4. The method of claim 3, wherein the step of obtaining the first target text comprises:

acquiring a first click coordinate of a user in the first area, and taking an identification character where the first click coordinate is positioned as a first target character;

And taking the first sub-text to which the first target character belongs as the first target text.

5. The method of claim 1, wherein the original text comprises a number of second sub-texts, and the number of second sub-texts each end with a preset clause symbol, the second target text being selected by a user among the number of second sub-texts, the first target text being obtained based on the second target text.

6. The method of claim 5, wherein each of the second sub-texts comprises a plurality of original characters; the step of obtaining the first target text comprises the following steps:

acquiring identification characters corresponding to the original characters in the identification text respectively in the second target text;

and taking the sub-text formed by the corresponding recognition characters as the first target text.

7. The method of claim 6, wherein the step of obtaining the second target text comprises:

acquiring a second click coordinate of a user in the second area, and taking an original character where the second click coordinate is located as a second target character;

and taking the second sub-text to which the second target character belongs as the second target text.

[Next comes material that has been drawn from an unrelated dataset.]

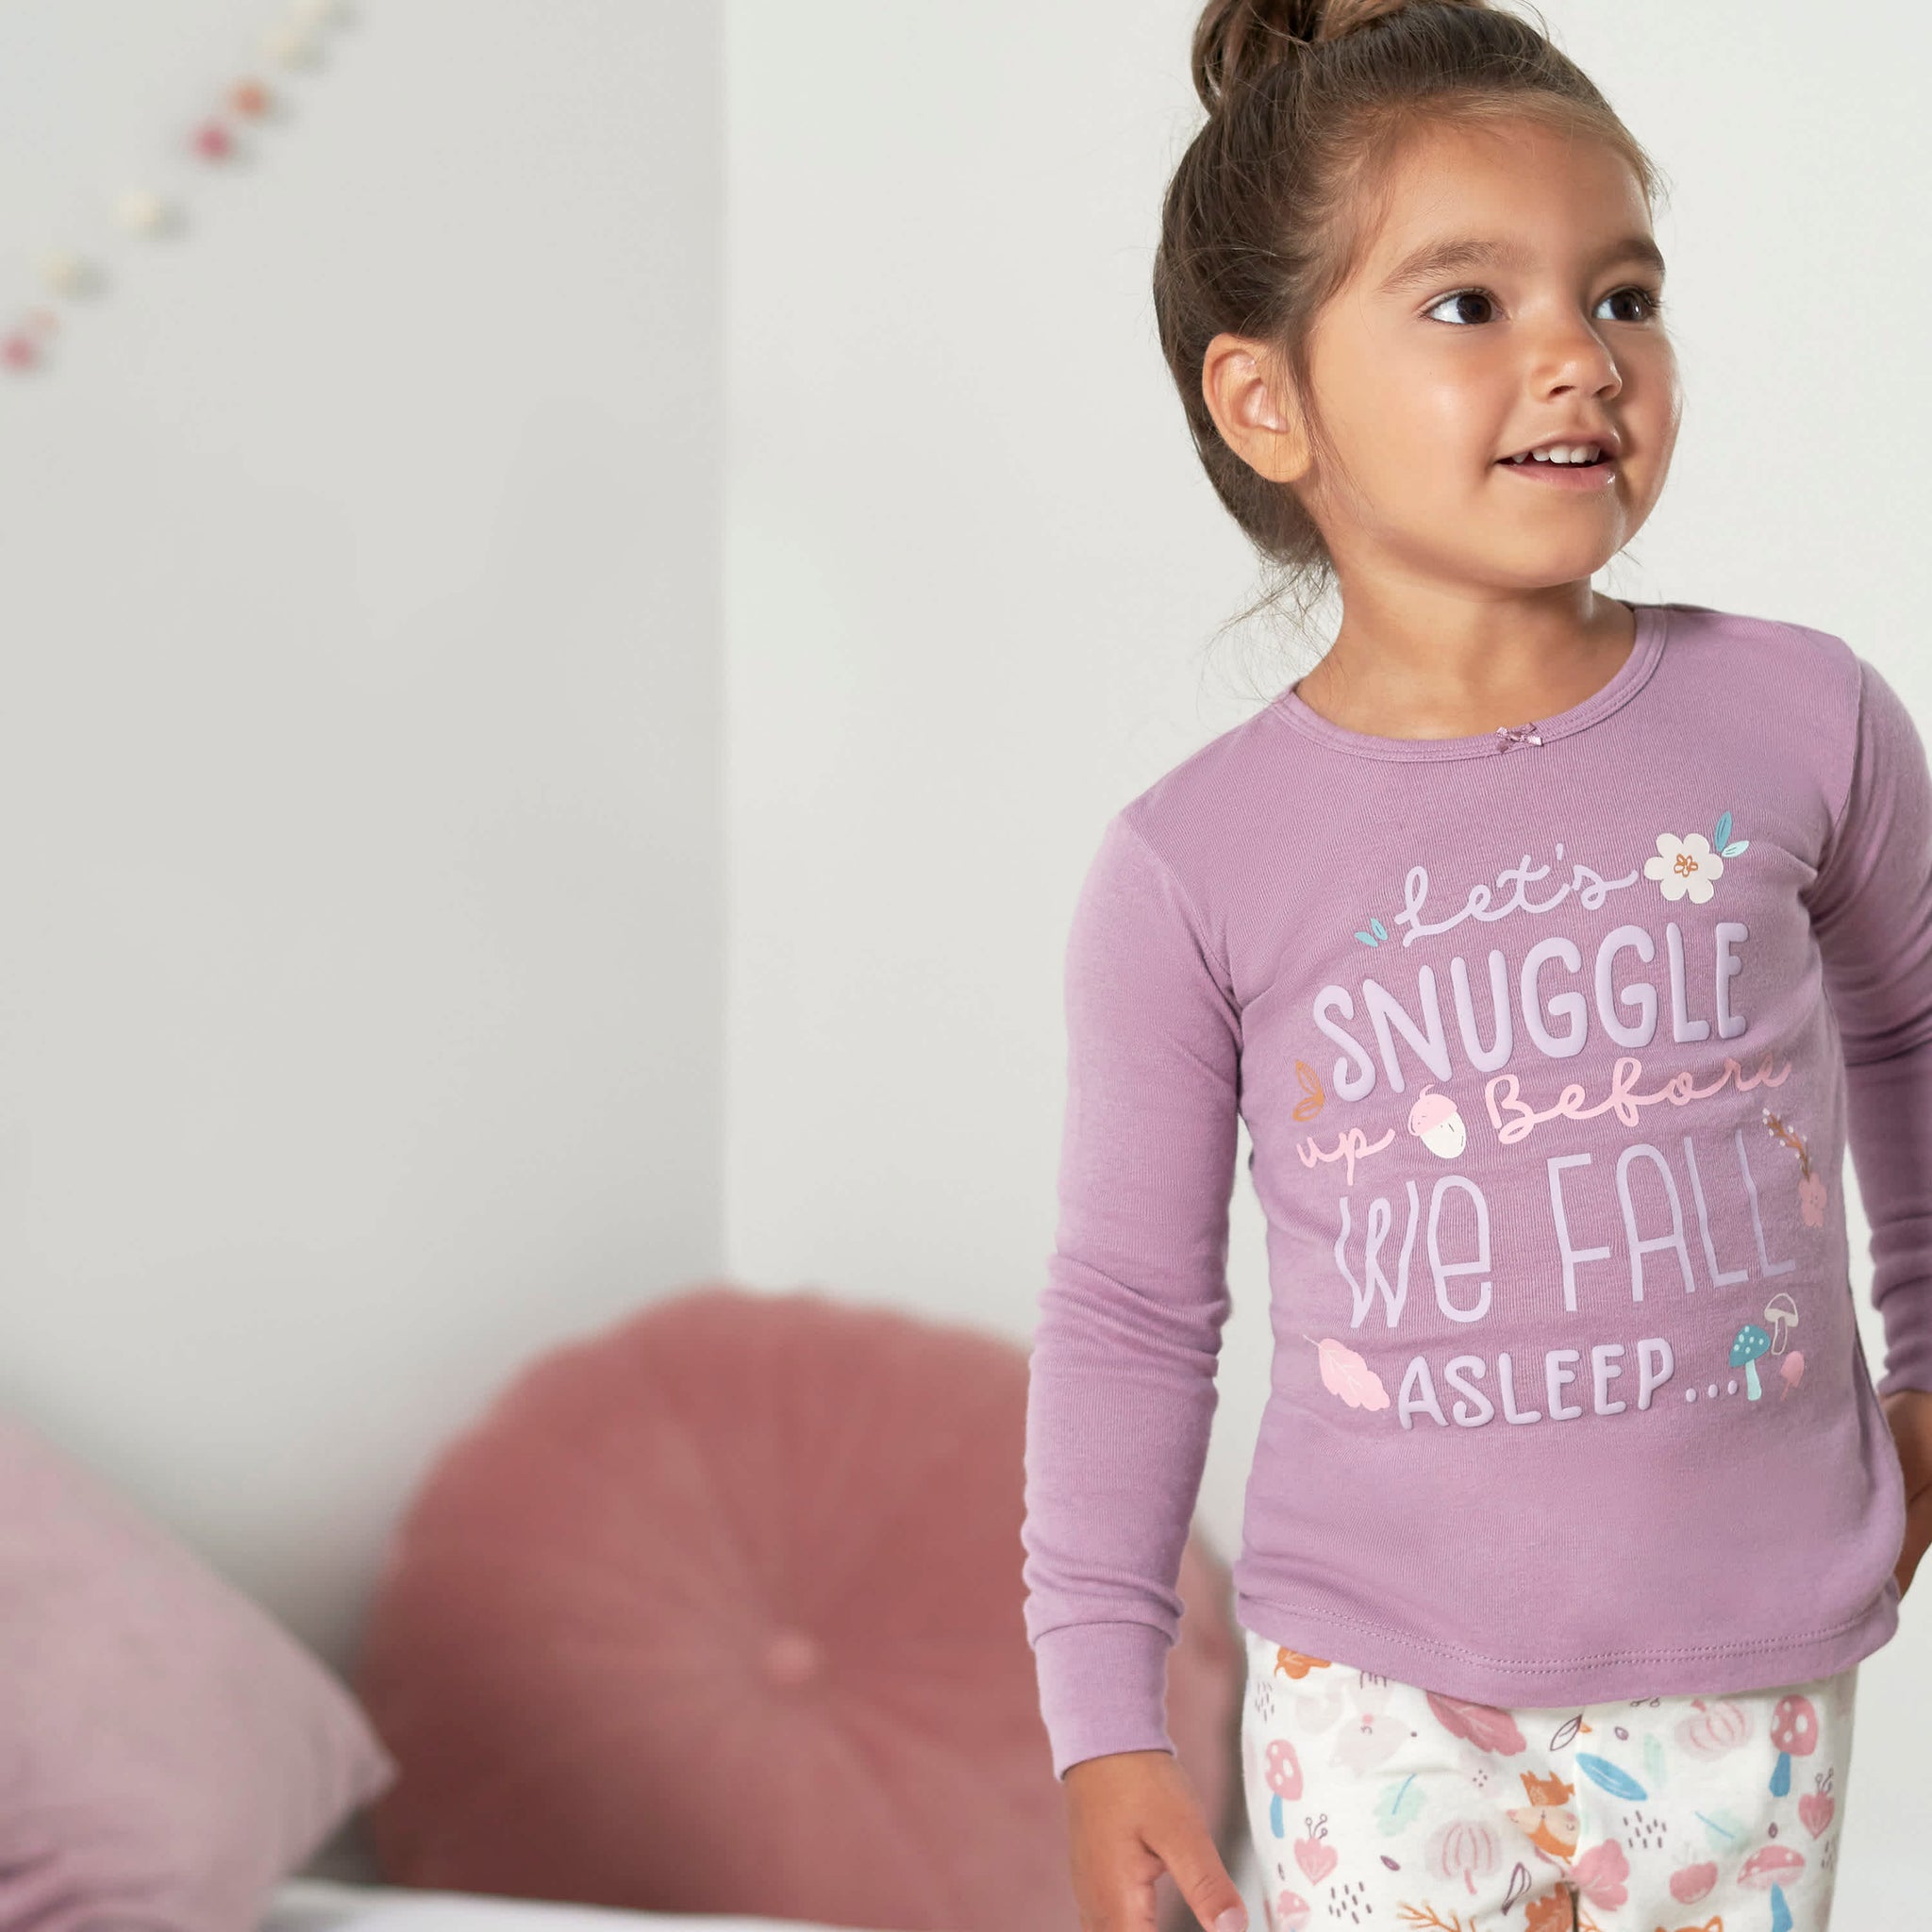 4-Piece Infant & Toddler Girls Purple Woodland Snug Fit Cotton Pajamas-Gerber Childrenswear Wholesale

8. The method of claim 1, wherein the identified text comprises a number of first sub-texts, and wherein the number of first sub-texts each end with a preset clause symbol; the method further comprises the steps of:

under the condition that a trigger instruction of a user for an editing mode is acquired, acquiring a third click coordinate of the user in the first area, and moving an editing cursor to the third click coordinate;

and taking the first sub-text where the editing cursor is positioned as the first target text.

9. The method of claim 8, wherein the method further comprises:

under the condition that the preset clause symbol in the first target text is deleted or the preset clause symbol is modified into a non-clause symbol, combining the first target text and one first sub-text after the first target text into a new first target text; the method comprises the steps of,

and displaying a second target text corresponding to the new first target text in the original text in the second area in the second preset highlighting format.

10. The method of claim 8, wherein the method further comprises:

Under the condition that a new preset clause symbol is inserted into the first target text, dividing the first target text into two first sub-texts ending with the preset clause symbol, and taking the first sub-text where the editing cursor is positioned as a new first target text; the method comprises the steps of,

11. An electronic device comprising a memory, man-machine interaction circuitry, and a processor, the memory and man-machine interaction circuitry coupled to the processor, the memory having program instructions stored therein, the processor for executing the program instructions to implement the text display method of any of claims 1-10.

12. A storage device storing program instructions executable by a processor for implementing the text display method of any one of claims 1 to 10.